### Exercise objective
Only the lines from the one holding "I received an" to the end of the data should be echoed, exactly as they appear, minus the pictures.

### Data
☆ ☆ ☆ ☆ ☆ ☆ ☆

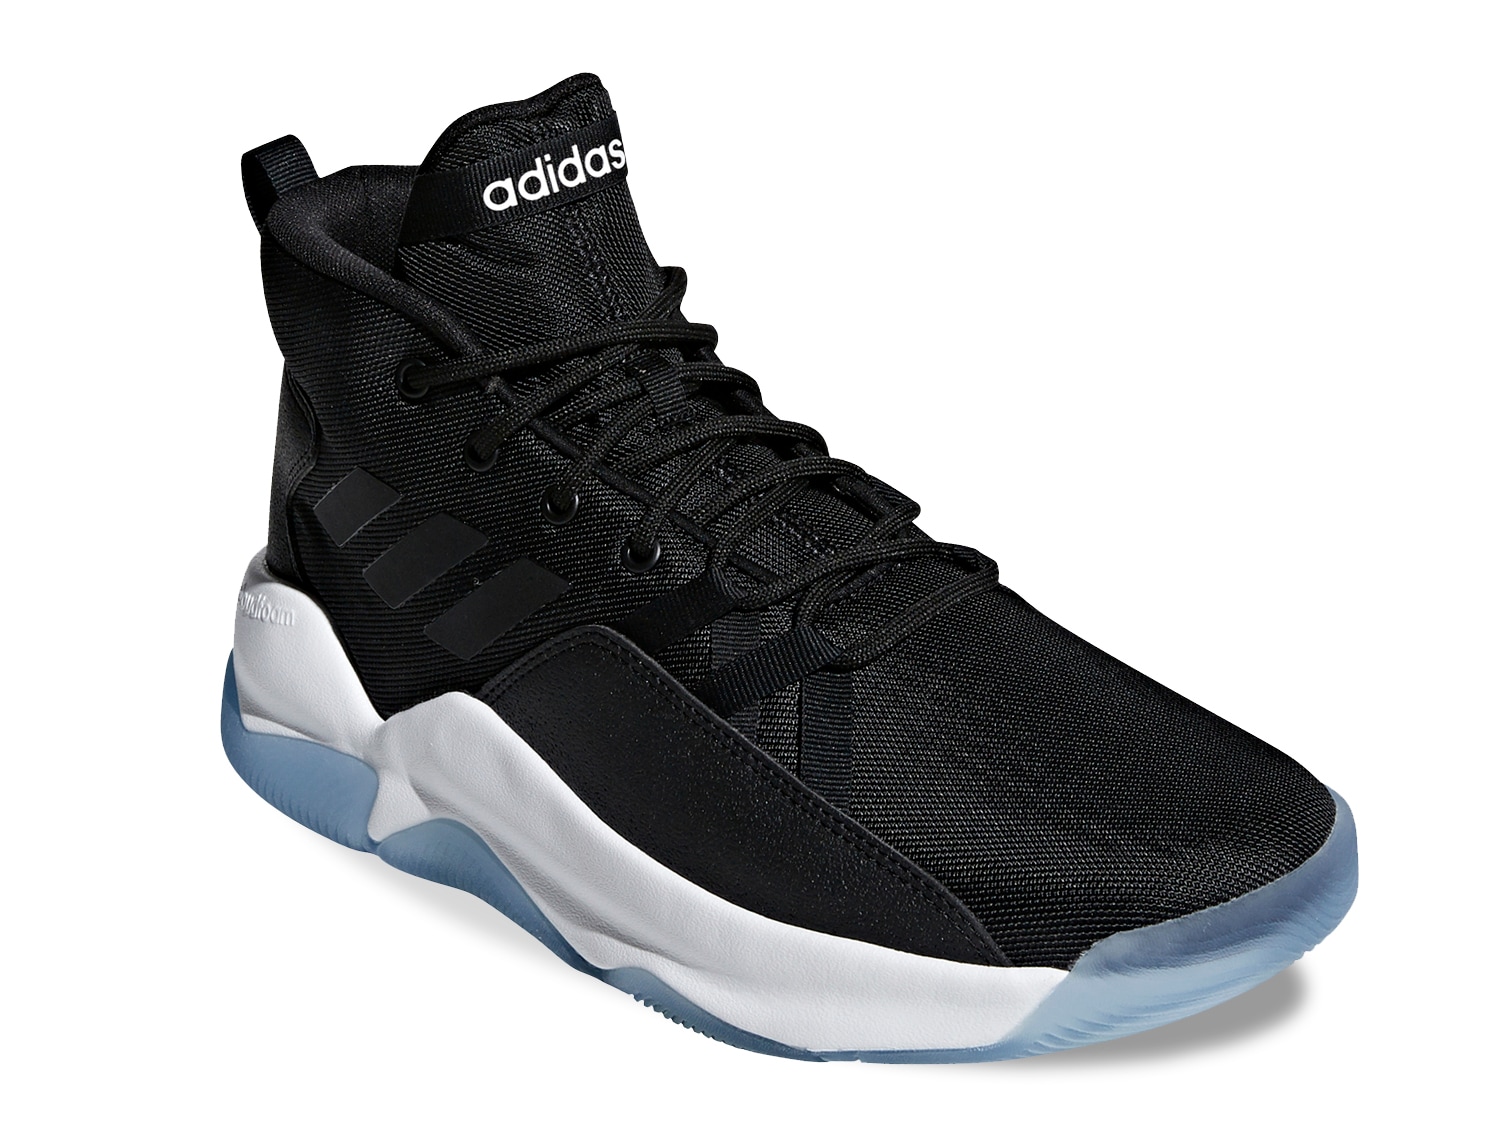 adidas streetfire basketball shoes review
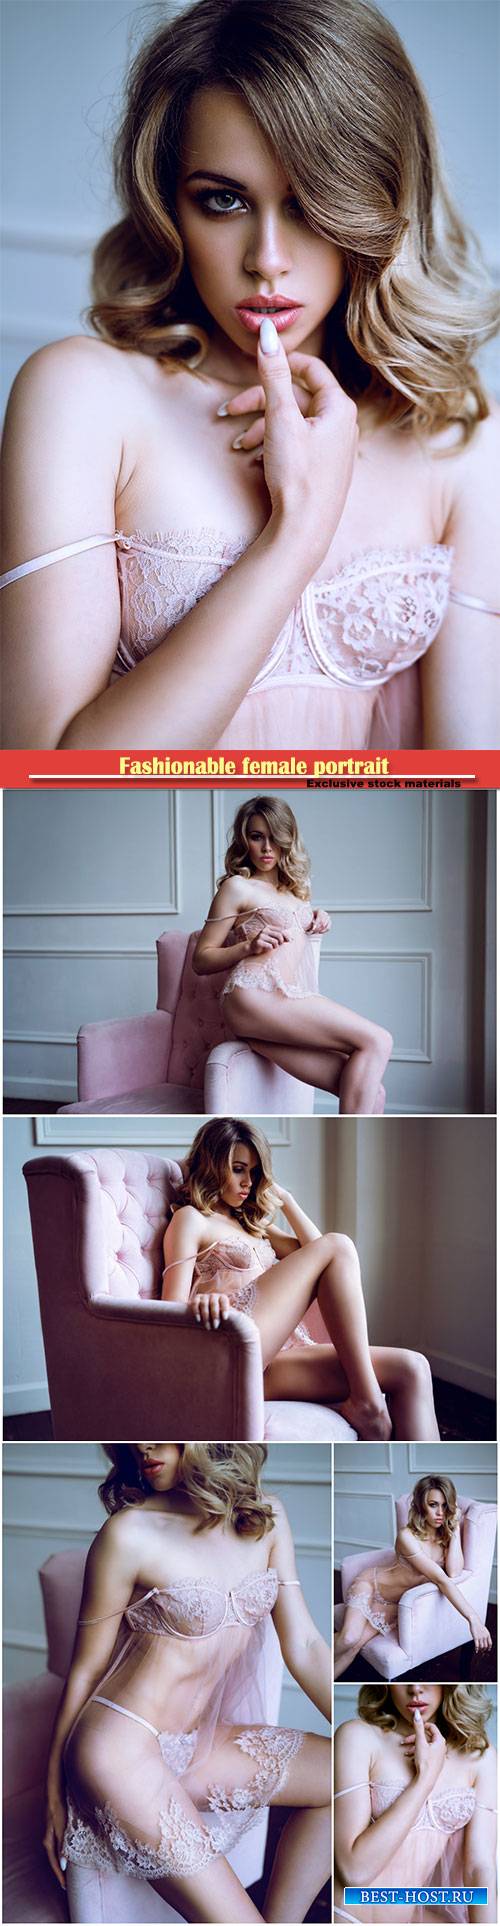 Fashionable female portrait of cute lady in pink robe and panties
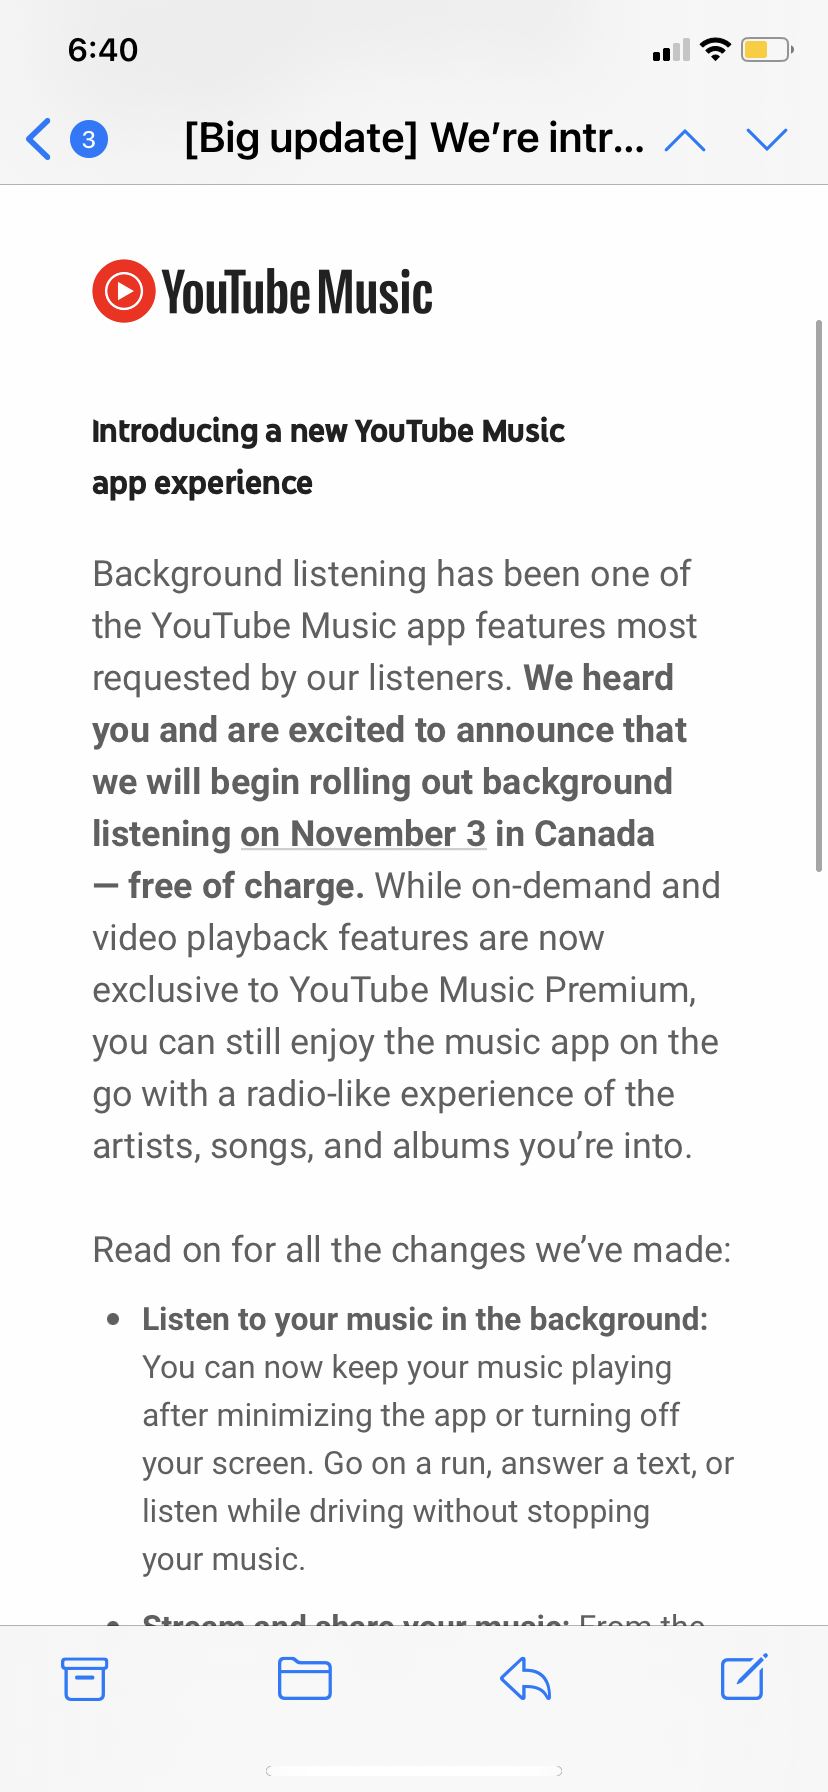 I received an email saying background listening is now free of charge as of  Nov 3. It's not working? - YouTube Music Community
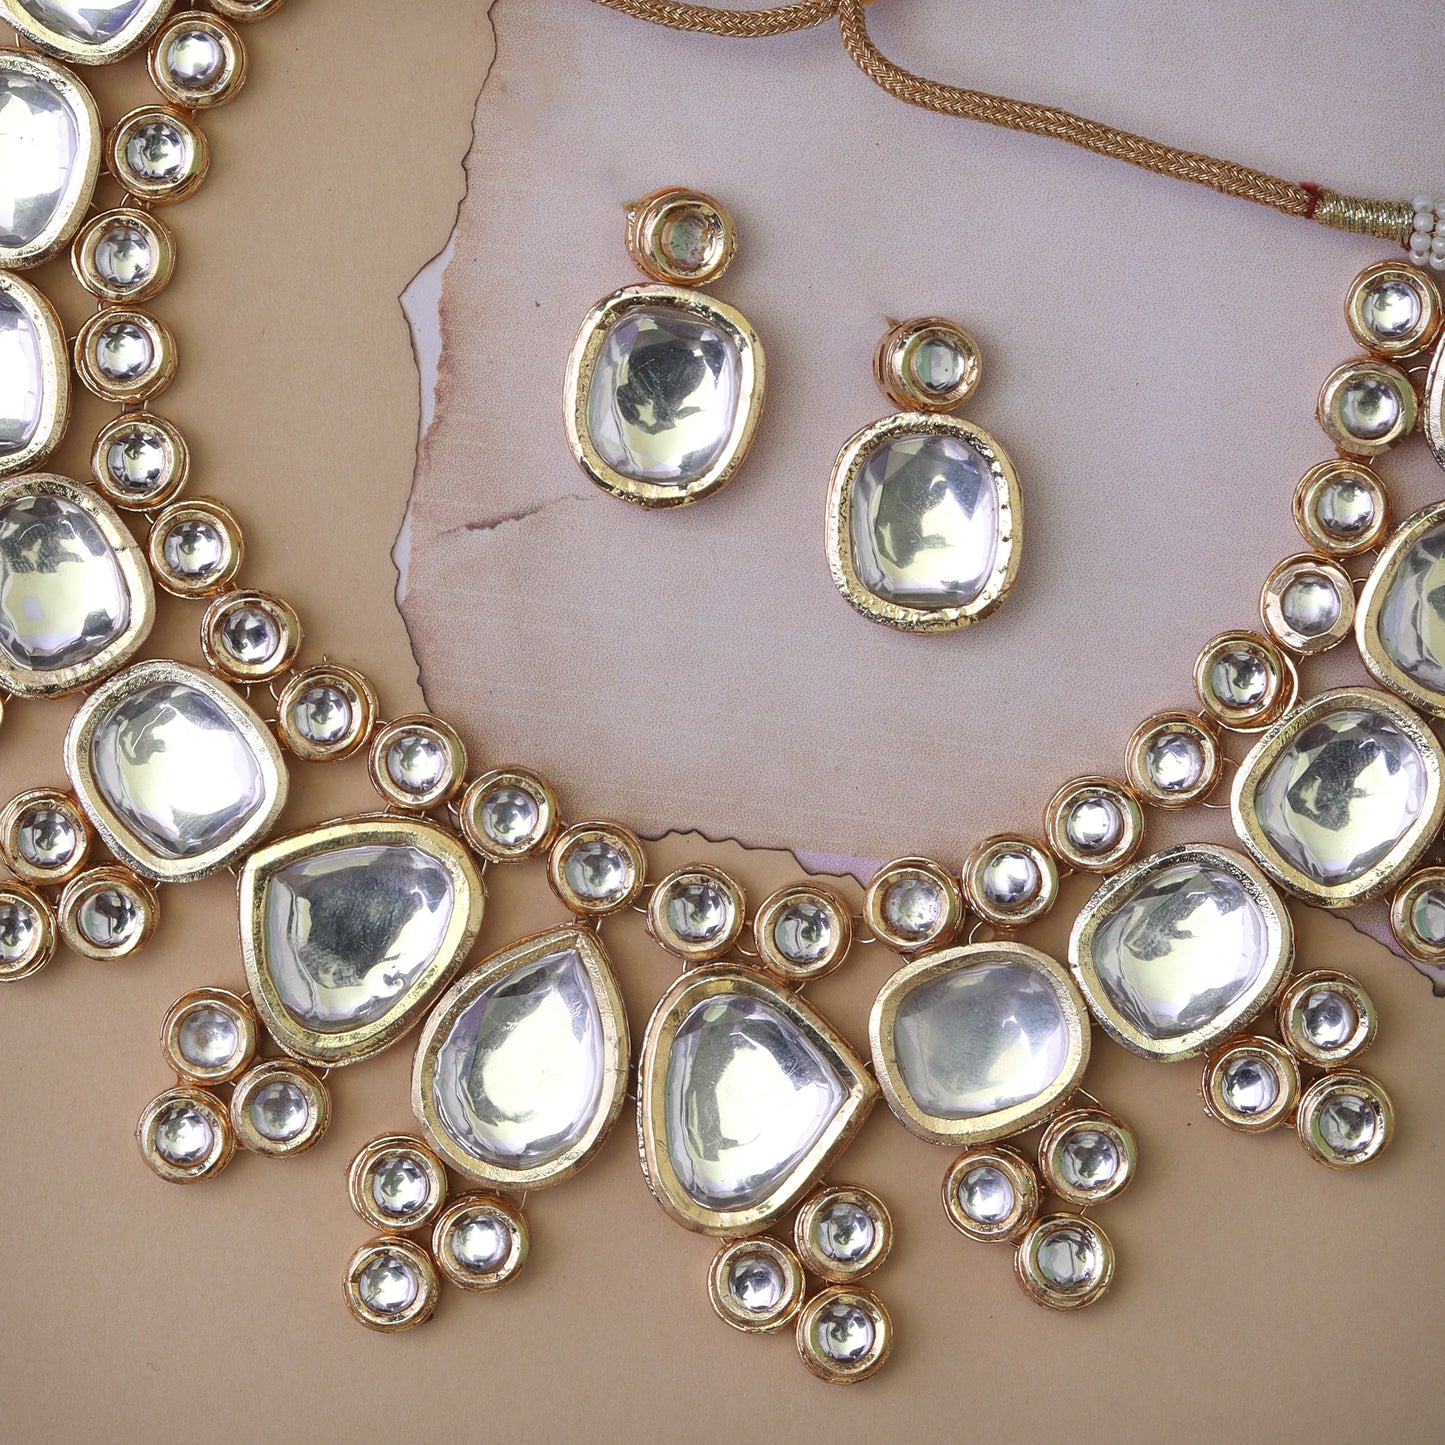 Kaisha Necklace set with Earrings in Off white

☆ ☆ ☆ ☆ ☆ ☆ ☆

### Result of the task
 I received an email saying background listening is now free of charge as of  Nov 3. It's not working? - YouTube Music Community
 Kaisha Necklace set with Earrings in Off white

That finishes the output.